[Action item]: Return, word for word, the lines of the listing below from the one with "Initial Letter Patch" through the one with "Spikes and Studded", and no other lines.

[Provided material]:
● ● ● ● ● ● ●
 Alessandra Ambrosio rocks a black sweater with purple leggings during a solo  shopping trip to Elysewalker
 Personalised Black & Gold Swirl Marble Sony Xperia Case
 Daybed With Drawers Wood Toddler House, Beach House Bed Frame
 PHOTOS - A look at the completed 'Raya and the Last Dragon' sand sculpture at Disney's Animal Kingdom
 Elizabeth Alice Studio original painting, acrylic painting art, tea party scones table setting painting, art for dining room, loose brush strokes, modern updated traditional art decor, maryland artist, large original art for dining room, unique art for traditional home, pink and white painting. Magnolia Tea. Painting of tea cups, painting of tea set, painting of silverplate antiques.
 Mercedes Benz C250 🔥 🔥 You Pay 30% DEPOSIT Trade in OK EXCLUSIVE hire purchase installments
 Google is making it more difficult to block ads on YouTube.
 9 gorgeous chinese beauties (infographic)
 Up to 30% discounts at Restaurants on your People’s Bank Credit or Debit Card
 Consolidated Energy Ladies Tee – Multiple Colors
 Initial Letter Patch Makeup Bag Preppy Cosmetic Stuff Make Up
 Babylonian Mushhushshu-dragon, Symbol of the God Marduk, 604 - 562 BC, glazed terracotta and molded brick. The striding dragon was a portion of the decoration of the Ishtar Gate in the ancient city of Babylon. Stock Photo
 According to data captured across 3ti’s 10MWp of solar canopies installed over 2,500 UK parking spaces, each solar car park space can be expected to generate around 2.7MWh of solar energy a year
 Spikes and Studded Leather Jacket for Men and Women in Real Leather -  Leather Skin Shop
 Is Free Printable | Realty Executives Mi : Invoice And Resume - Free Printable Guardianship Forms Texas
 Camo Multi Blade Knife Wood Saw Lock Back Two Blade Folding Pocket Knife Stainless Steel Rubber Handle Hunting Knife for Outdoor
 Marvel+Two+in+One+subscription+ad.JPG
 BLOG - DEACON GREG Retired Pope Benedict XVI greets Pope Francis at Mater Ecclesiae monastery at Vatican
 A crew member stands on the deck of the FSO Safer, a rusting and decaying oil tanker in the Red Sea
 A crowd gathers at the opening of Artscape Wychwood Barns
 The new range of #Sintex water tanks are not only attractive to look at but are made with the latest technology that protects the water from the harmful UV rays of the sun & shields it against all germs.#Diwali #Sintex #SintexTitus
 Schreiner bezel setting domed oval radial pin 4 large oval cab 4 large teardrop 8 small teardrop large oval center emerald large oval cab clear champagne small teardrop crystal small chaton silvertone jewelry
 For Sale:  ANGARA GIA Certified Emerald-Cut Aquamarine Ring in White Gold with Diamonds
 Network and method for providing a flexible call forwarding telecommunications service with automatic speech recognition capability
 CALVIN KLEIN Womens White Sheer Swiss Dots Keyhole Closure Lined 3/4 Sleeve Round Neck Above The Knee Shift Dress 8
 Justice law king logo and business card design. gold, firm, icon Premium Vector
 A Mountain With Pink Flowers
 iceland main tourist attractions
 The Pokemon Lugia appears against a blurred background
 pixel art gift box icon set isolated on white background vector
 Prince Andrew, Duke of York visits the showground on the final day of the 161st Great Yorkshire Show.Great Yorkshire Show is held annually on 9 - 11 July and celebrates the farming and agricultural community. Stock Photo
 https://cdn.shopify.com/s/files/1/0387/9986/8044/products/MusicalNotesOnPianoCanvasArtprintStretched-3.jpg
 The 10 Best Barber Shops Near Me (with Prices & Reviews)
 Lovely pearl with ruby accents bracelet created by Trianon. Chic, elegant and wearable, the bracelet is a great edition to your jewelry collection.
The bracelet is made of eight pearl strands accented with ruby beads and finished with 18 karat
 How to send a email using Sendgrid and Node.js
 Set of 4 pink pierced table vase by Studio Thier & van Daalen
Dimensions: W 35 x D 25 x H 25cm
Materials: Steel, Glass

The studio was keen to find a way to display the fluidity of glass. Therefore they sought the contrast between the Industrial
● ● ● ● ● ● ●
[Result of the task]:
 Initial Letter Patch Makeup Bag Preppy Cosmetic Stuff Make Up
 Babylonian Mushhushshu-dragon, Symbol of the God Marduk, 604 - 562 BC, glazed terracotta and molded brick. The striding dragon was a portion of the decoration of the Ishtar Gate in the ancient city of Babylon. Stock Photo
 According to data captured across 3ti’s 10MWp of solar canopies installed over 2,500 UK parking spaces, each solar car park space can be expected to generate around 2.7MWh of solar energy a year
 Spikes and Studded Leather Jacket for Men and Women in Real Leather -  Leather Skin Shop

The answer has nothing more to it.